WORK INSTRUCTION:
Return each line of the data below verbatim; pictures are to be left out.

DATASET CONTENT:
::::::::::

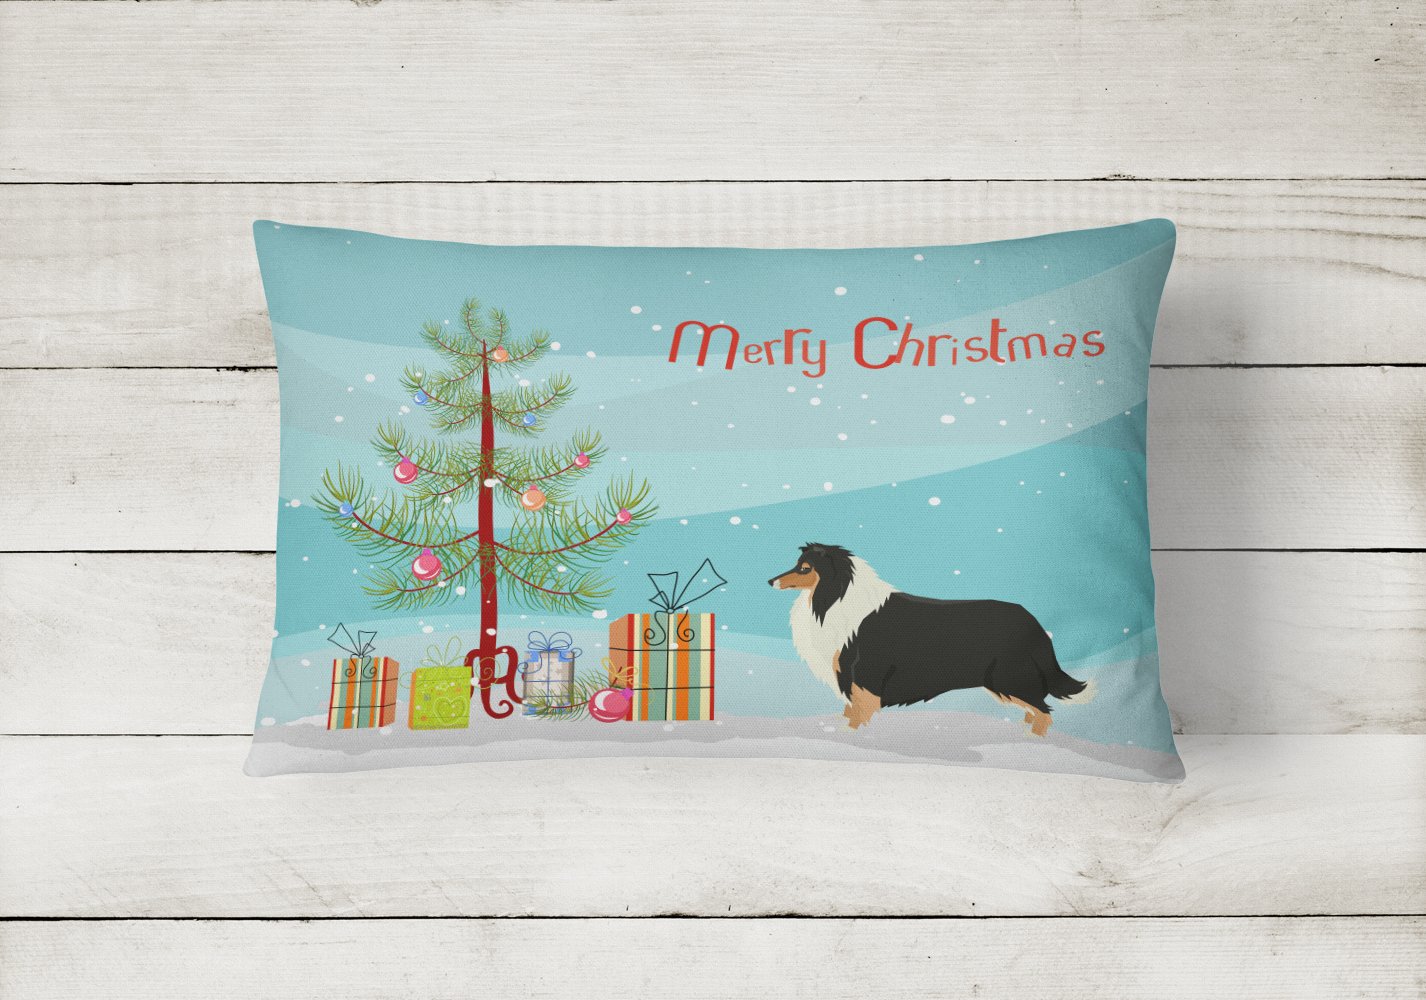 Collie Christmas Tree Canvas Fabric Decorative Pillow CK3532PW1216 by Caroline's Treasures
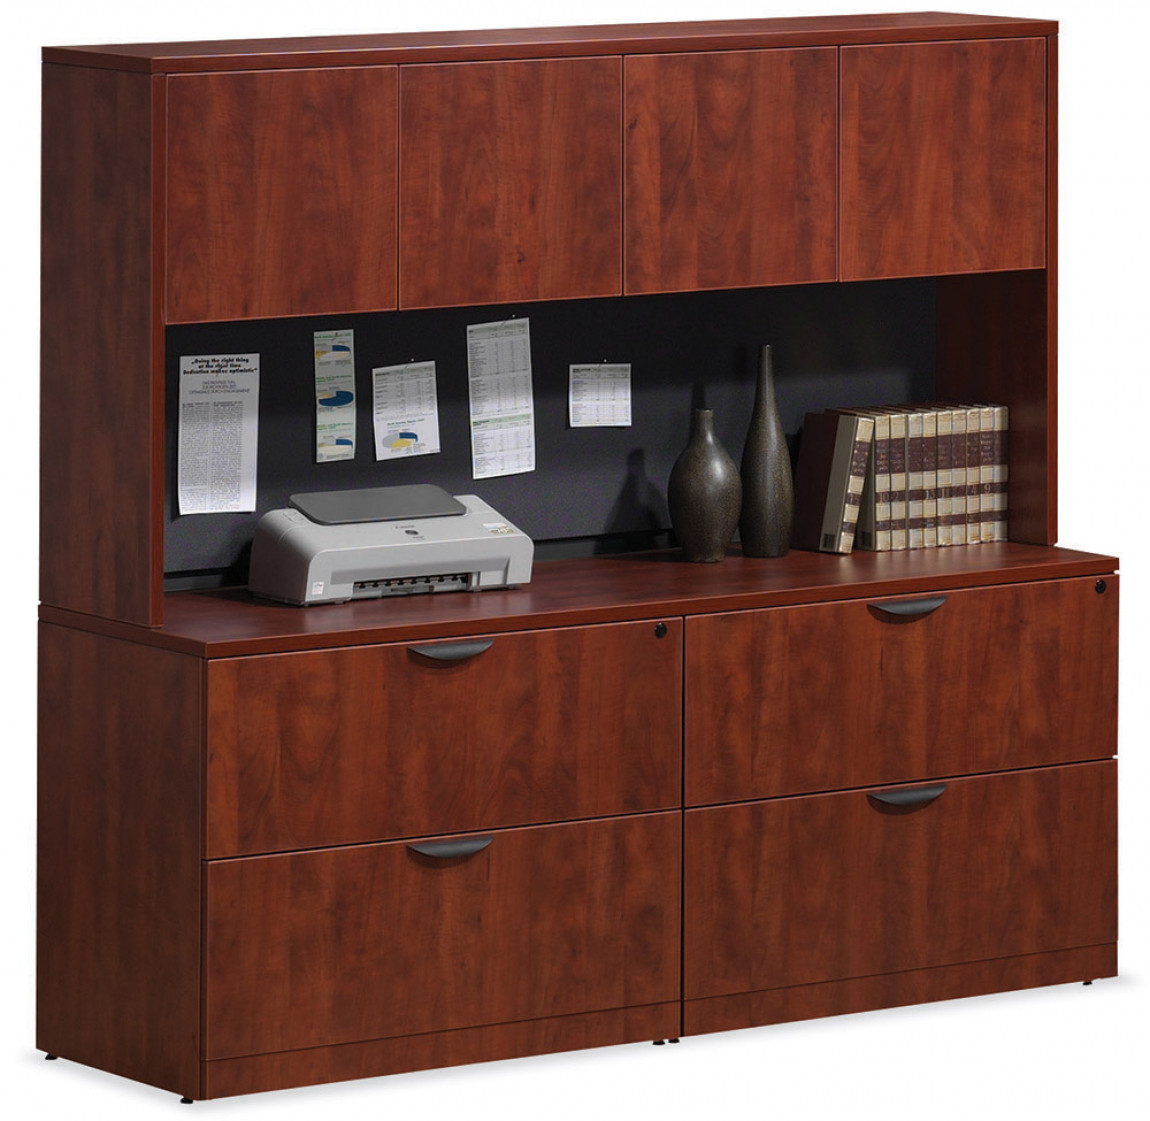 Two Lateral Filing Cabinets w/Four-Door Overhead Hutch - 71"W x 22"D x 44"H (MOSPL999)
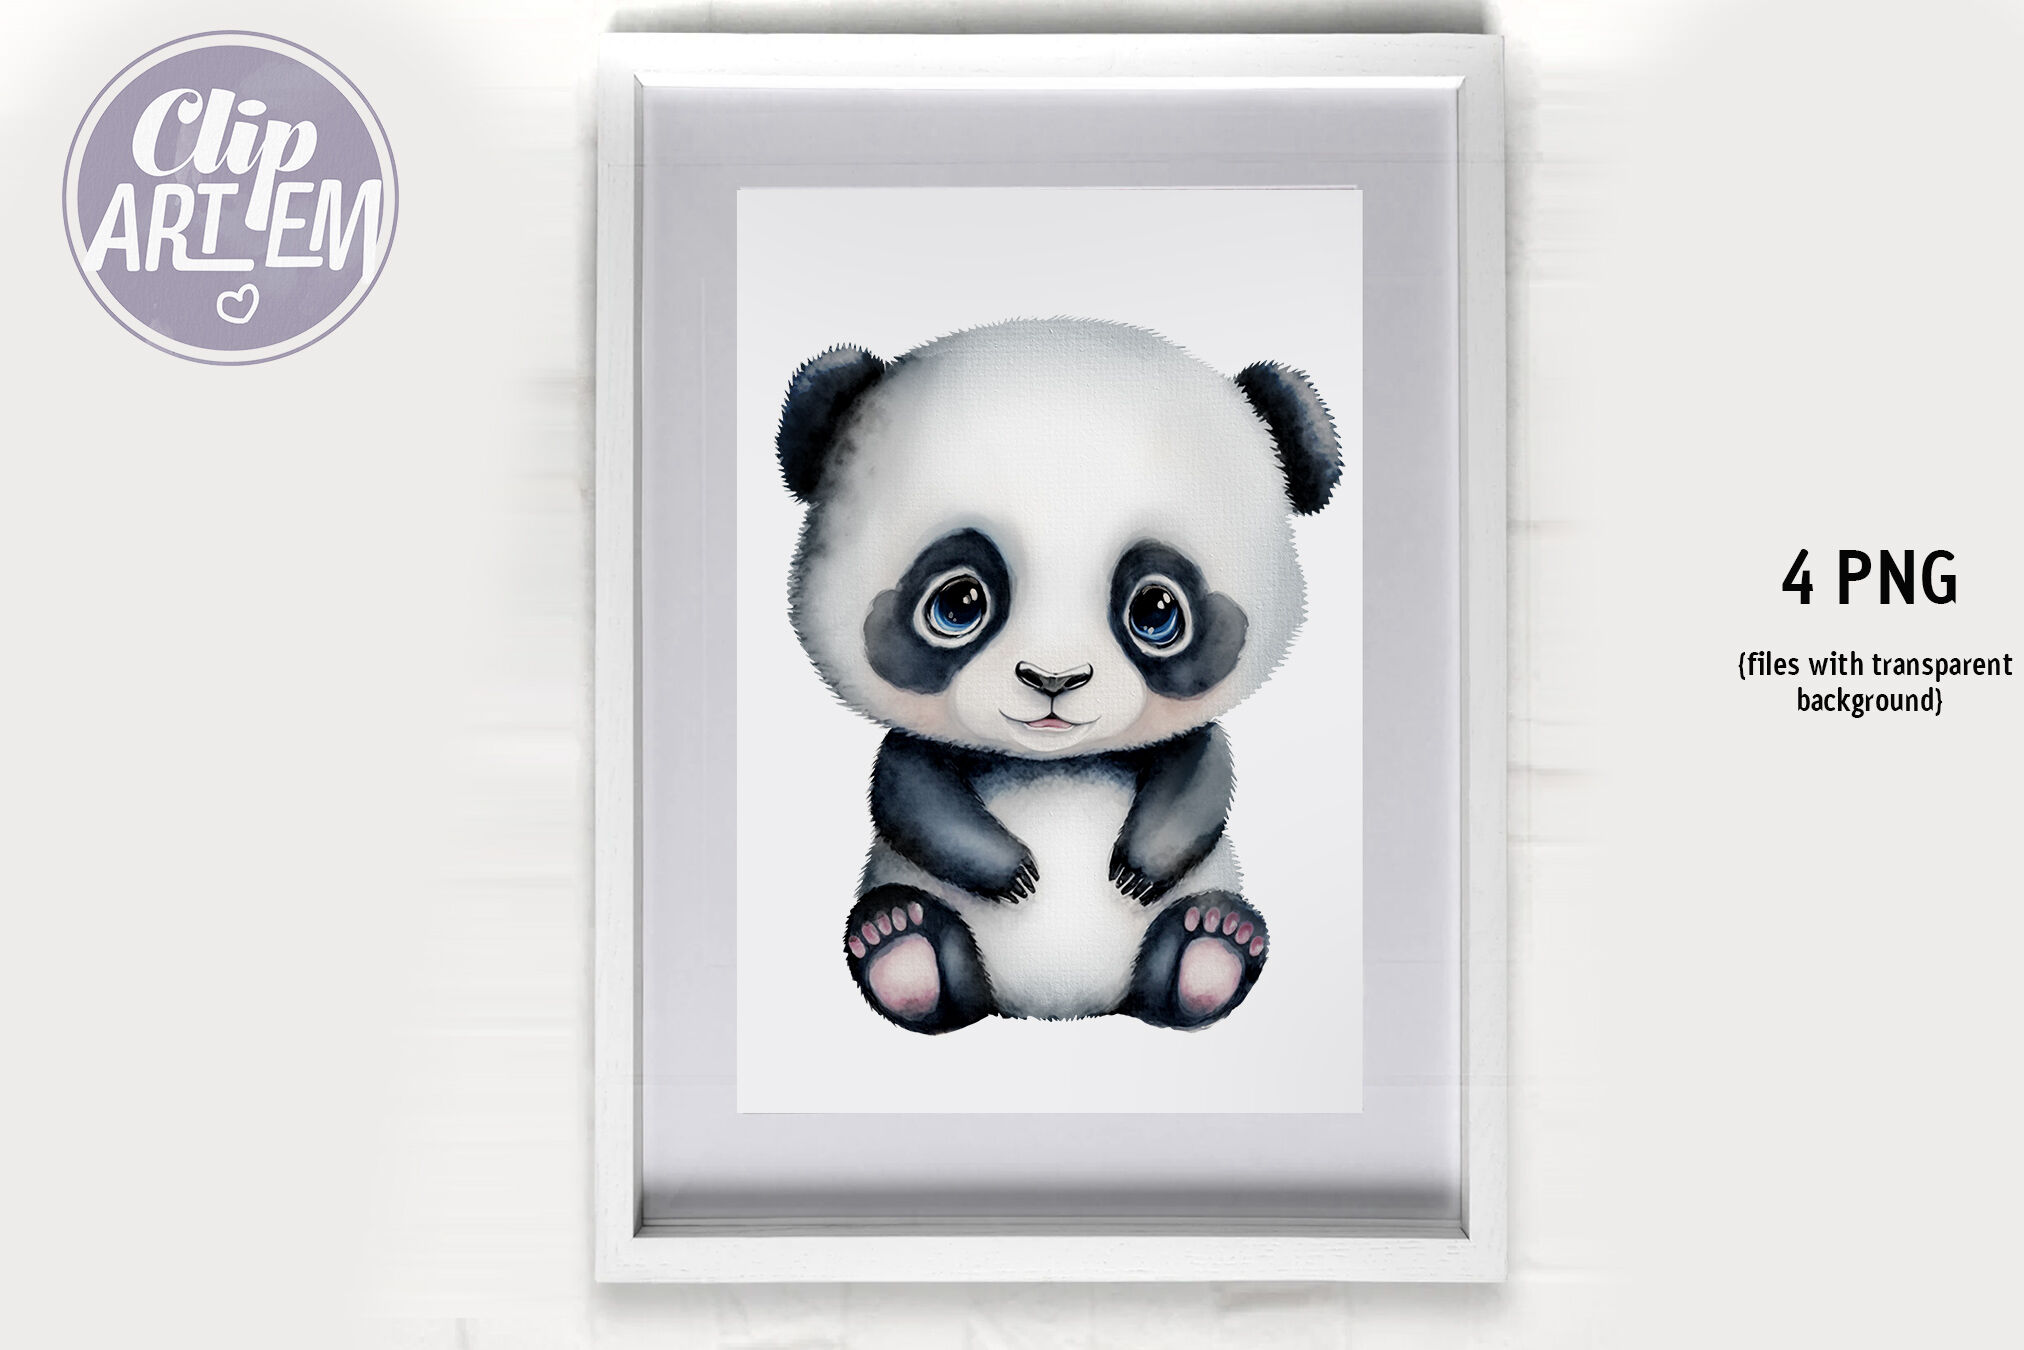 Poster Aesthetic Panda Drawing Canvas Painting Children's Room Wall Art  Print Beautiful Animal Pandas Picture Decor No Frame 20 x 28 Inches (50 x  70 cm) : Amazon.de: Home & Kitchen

::::::::::

SOLUTION TO THIS TASK:
 Collie Christmas Tree Canvas Fabric Decorative Pillow CK3532PW1216 by Caroline's Treasures
 Two Lateral Filing Cabinets w/Four-Door Overhead Hutch - 71"W x 22"D x 44"H (MOSPL999)
 Poster Aesthetic Panda Drawing Canvas Painting Children's Room Wall Art  Print Beautiful Animal Pandas Picture Decor No Frame 20 x 28 Inches (50 x  70 cm) : Amazon.de: Home & Kitchen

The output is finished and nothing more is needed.